In Scotland, Jim Murphy is facing calls to resign after seeing all but one of his party’s constituencies to the Scottish Nationalists.
Neil Findlay, the socialist throwback he defeated to win the leadership, has resigned from the shadow cabinet as the trades unions start to call for Murphy’s head.
In addition to a putative left-wing putsch others such as Alex Rowley MSP, who has written an open letter to Murphy, worry that it is not credible for the party leader to be without any democratic post, let alone the Scottish Parliament, in the run up to next year’s Scottish Parliament elections.
Most commentators agree that there is very little that Murphy could actually have done to reverse his party’s precipitous collapse in the aftermath of last year’s referendum on independence.
Yet he has not gone without blame: this report in The Herald claims to come from inside the “campaign from hell”, and paints an unflattering portrait of the Labour leader as vain and obsessed with his media image.
More seriously, the author reports that Labour were subject to chronic inconstancy of strategy: veering from essentially running a Findlay-style left-wing campaign to that of a “full-fat Unionist”. Having derided the left and championed the interests of MPs for most of his political career, Murphy’s attempts to steal the SNP’s tunes were not convincing.
Criticism has also been directed at his team, especially John McTernan, his chief of staff.
…and Jones in Wales
Carwyn Jones, the First Minister of Wales, has faced an outbreak of public dissent from his own party after Welsh Labour suffered a startling and very disappointing result in Wales last week.
David Taylor, a former adviser to Peter Hain, spoke out after the party failed to take Cardiff North and lost Gower and Vale of Clwyd to the Tories.

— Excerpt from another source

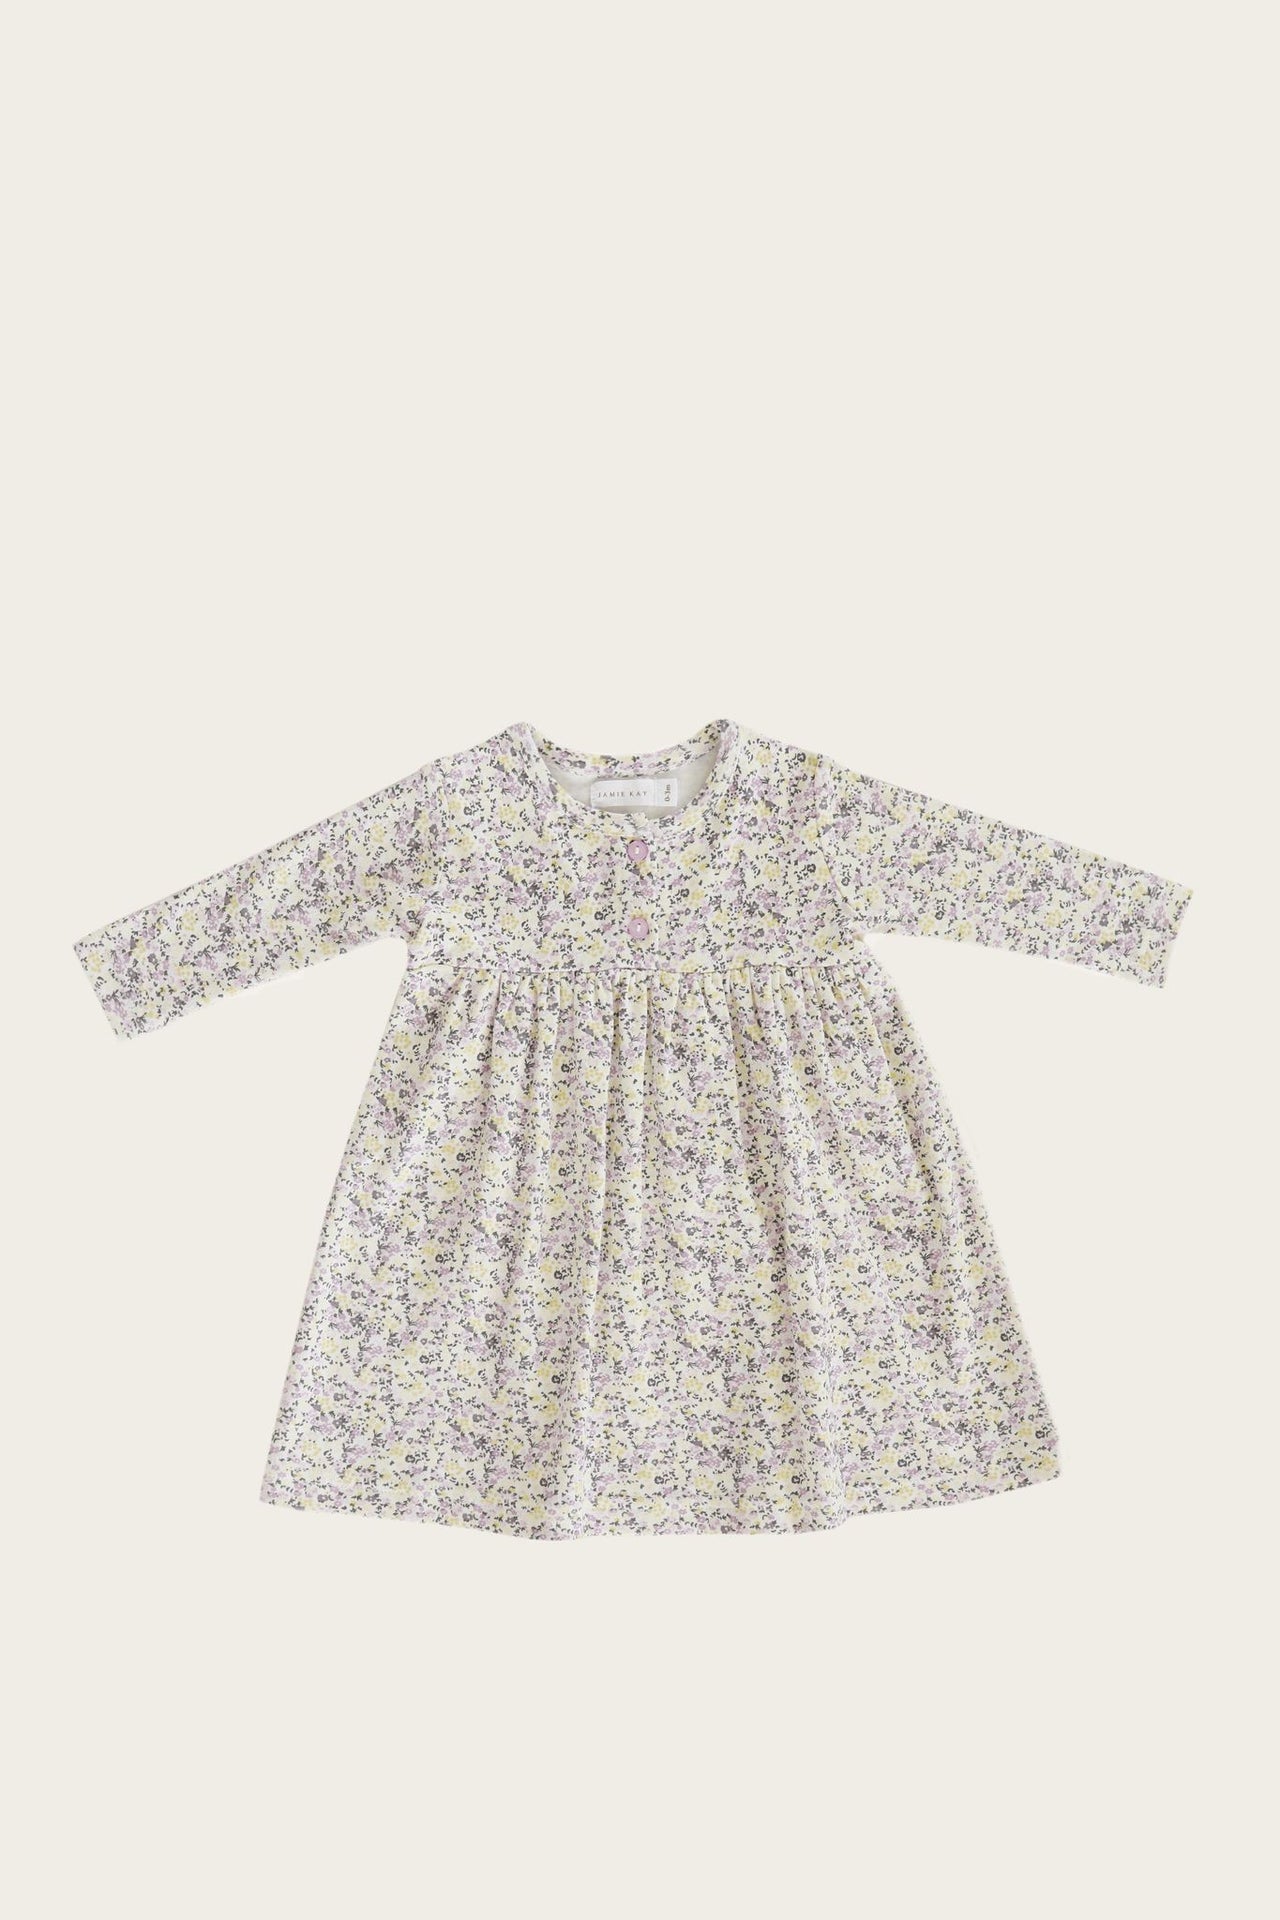 Jamie Kay Organic Cotton Dress, Summer Floral
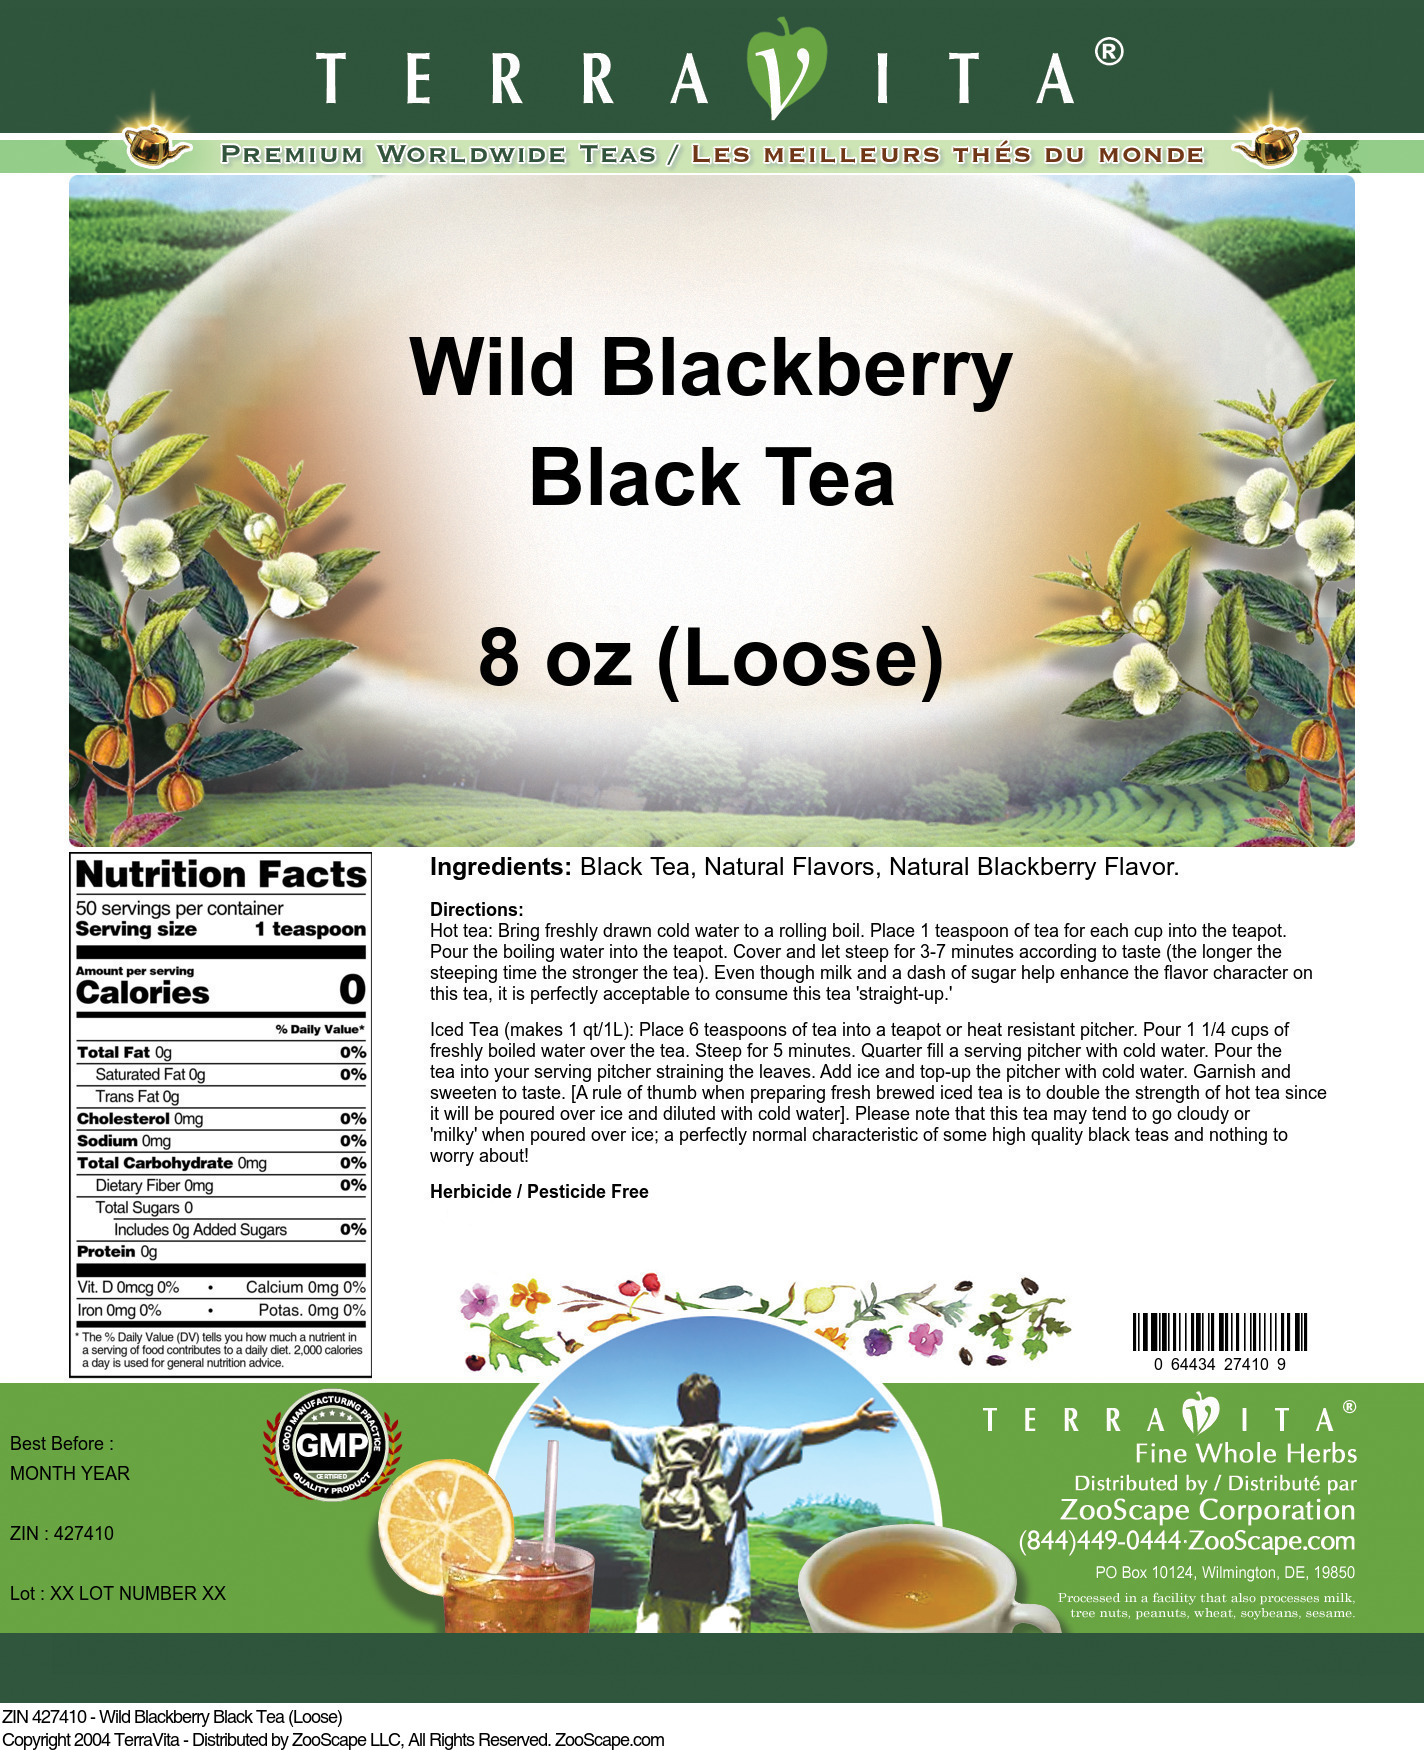 Wild Blackberry Black Tea (Loose) - Label

He accused Jones of complacency after the First Minister emphasised Welsh Labour’s continuing position as the largest party.
Although he did not elaborate on the night, he later set out a fuller case against Jones: namely that the First Minister’s aping of Scottish Labour’s tactics (blaming Westminster, playing the national card and entrenching Old Labour positions) was unsuited to a country which “is not becoming more Welsh or more left wing politically.”
Tellingly, Jones’ response to the setback was to call for Welsh Labour to distance itself more from the national party, continuing the pattern of trying to shift the blame away from the Welsh party and find solutions in enhancing his own power.
However, research for the LSE finds that despite a surge in the aftermath of the Coalition Labour has shed fully a third of its support in Wales in the two years leading up to polling day: roughly when the Tories started running hard against Jones’ government and record in office.
Meanwhile, other Labour sources attacked the party’s ground operation, claiming that party strategists had no idea that seats such as Gower were under threat whilst they poured resources into a futile attempt to unseat Plaid Cymru in Arfon.